Clinical Trial Details
— Status: Completed
Administrative data
| NCT number |
NCT04027959 |
| Other study ID # |
KOR-17-34 |
| Secondary ID |
|
| Status |
Completed |
| Phase |
N/A
|
| First received |
|
| Last updated |
|
| Start date |
October 5, 2017 |
| Est. completion date |
November 1, 2018 |
Study information
| Verified date |
December 2020 |
| Source |
James J. Peters Veterans Affairs Medical Center |
| Contact |
n/a |
| Is FDA regulated |
No |
| Health authority |
|
| Study type |
Interventional
|
Clinical Trial Summary
STUDY DESIGN: Phase I Clinical Trial The researchers set out to assess the effectiveness of
transdermal iontophoretic administration of Vitamin B12 (V.B12) under three different skin
preparatory conditions.
SETTING: James J. Peters Veterans Affairs Medical Center (Bronx, NY) BACKGROUND: Poor skin
permeability precludes the use of transdermal route from being used in common clinical
practice for rapid and precise administration of medications through intact skin that are
expected to have a systemic effect. The researchers determined the relative effectiveness of
an unconventional transdermal iontophoresis technique for the administration of Vitamin B12
(V.B12) under three different skin preparatory conditions.
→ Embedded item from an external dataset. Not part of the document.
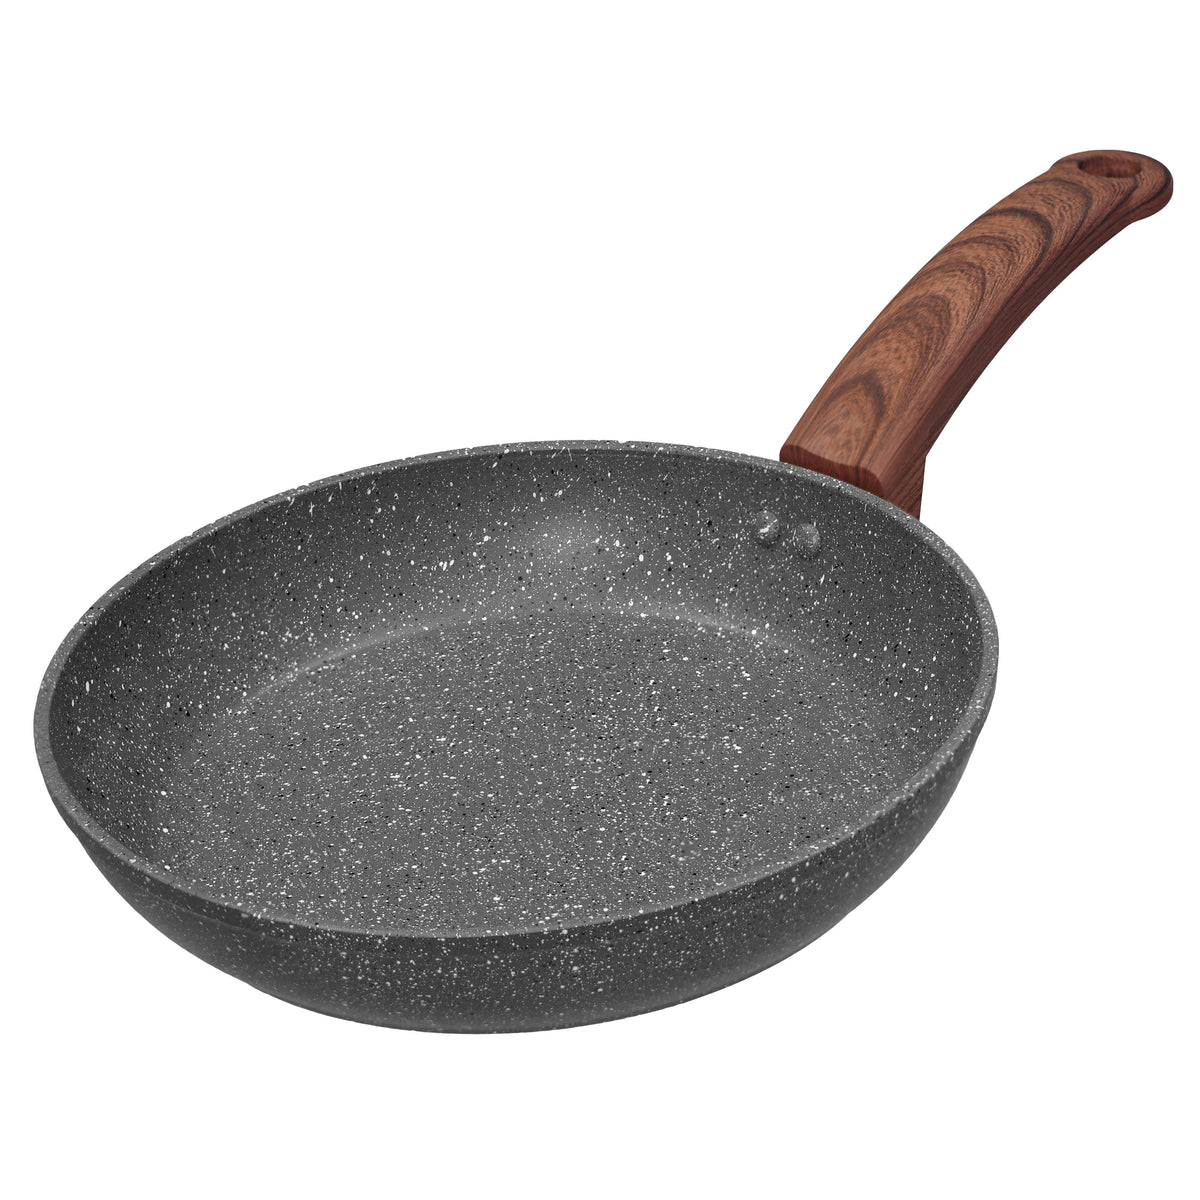 Easy chef always 2 Quart Saucepan with lid, Nonstick Small Sauce Pot with  Granite Coating, Cooking Sauce Pan, Saucepan for Stove Top, Healthy  Nonstick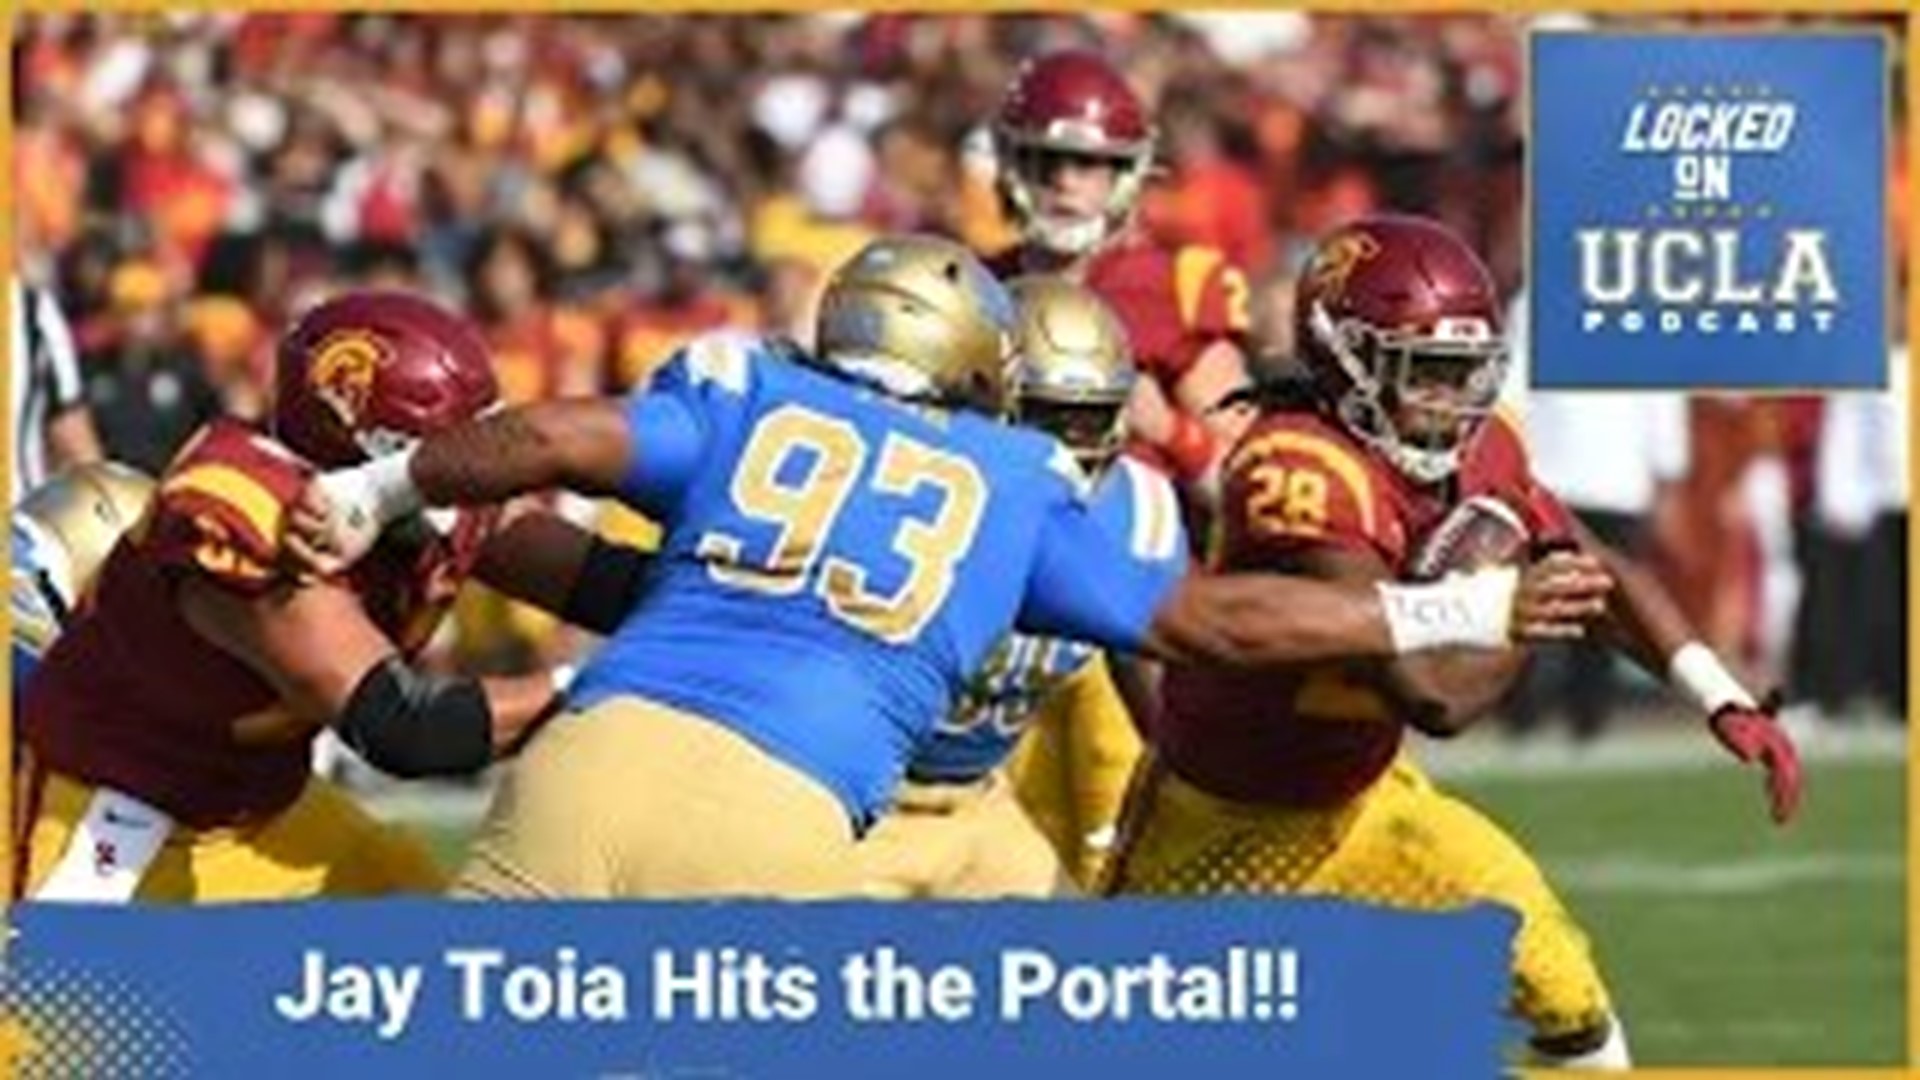 DeShaun Foster's focus for UCLA Football has shifted to the Transfer Portal as the Bruins injuries have piled up after three ACL tears and another DL hits the portal

METHODS: During this study, Vitamin B12 (V.B12) was administered through the skin of
volunteer human research subjects. Iontophoresis was used as transdermal medication delivery
modality after pre-treatment of the skin in 3 different ways. The sequence of skin
preparations was arranged in a random order for each subject. Method 1 was called "No Prep",
serving as the control approach; method 2 was called "Oleic Acid" application to the skin for
40 minutes; and method 3 was hair "Epilation" (e.g. hair removal by plucking). Fifteen
milligrams of aqueous solution of V.B12 was administered through intact, previously unused
skin of an anterior thigh during all 3 tests. Chemoluminescence, on an automated laboratory
reader Advia Centaur-XP, was used to determine the serum concentration of V.B12 prior to and
after transdermal iontophoretic delivery. All 3 experiments were performed on the same day
within an hour of each other. The subject's blood was drawn prior and 10 minutes after the
20-minute long sessions of transdermal V.B12 iontophoresis. We were able to calculate the
increase in serum V.B12 concentration and based on estimated blood volume, the total quantity
and percent dose delivered systemically.
Description:
In order to quantify the changes in skin permeability to drugs delivered by ION under three
different preparatory conditions, we used V.B12 as a model substance. Its choice was dictated
by its inherent safety, positive charge and quantification of serum concentration readily
available through our clinical laboratory. We compared the effects of unprepared skin (No
Prep), oil-soaked skin [ref. 9-12] (Oleic Acid) and skin from which hair have been plucked
out of (Epilation), on the serum concentrations of V.B12 before and after administration via
ION.
Veterans and non-Veterans without SCI were recruited for the study comparing the three skin
preparation methods. This prospective, skin preparatory method sequence-randomized study was
approved by the Institutional Review Board of the James J. Peters VA Medical Center
(JJPVAMC). The ION equipment used was a standard FDA-approved wired ION controller unit (IBOX
by Dynatronics) and 4mL ION electrodes by (ionto+ by Richmar). The skin was prepared using 1
of the 3 techniques, performed in a random order. Each subject was assigned a 2-digit
sequential number. A random-numbers table was used to assign the sequence of methods to each
subject. A single positive electrode patch containing 4mL of a water-based solution with 15mg
of V.B12 was used per experiment. One negative electrode patch was also used to complete the
circuit. Blood was drawn prior to the first administration. Thirty minutes after the start of
the ION delivery of the V.B12 through the skin of anterior thigh, the blood was drawn again.
The blood was centrifuged for 5 minutes and delivered to the clinical laboratory for testing
without delay. Serum concentration of V.B12 was measured using chemoluminescence on an
automated laboratory reader Advia Centaur-XP. The experiments were conducted sequentially in
a timely fashion, performed on the same day and within a span of 3 hours. Blood was drawn for
a total of 4 times per subject.
The "No Prep" technique was performed by simply wiping the two skin surfaces on an anterior
thigh, where the electrodes were later attached, with two-70% isopropyl alcohol prep. pads.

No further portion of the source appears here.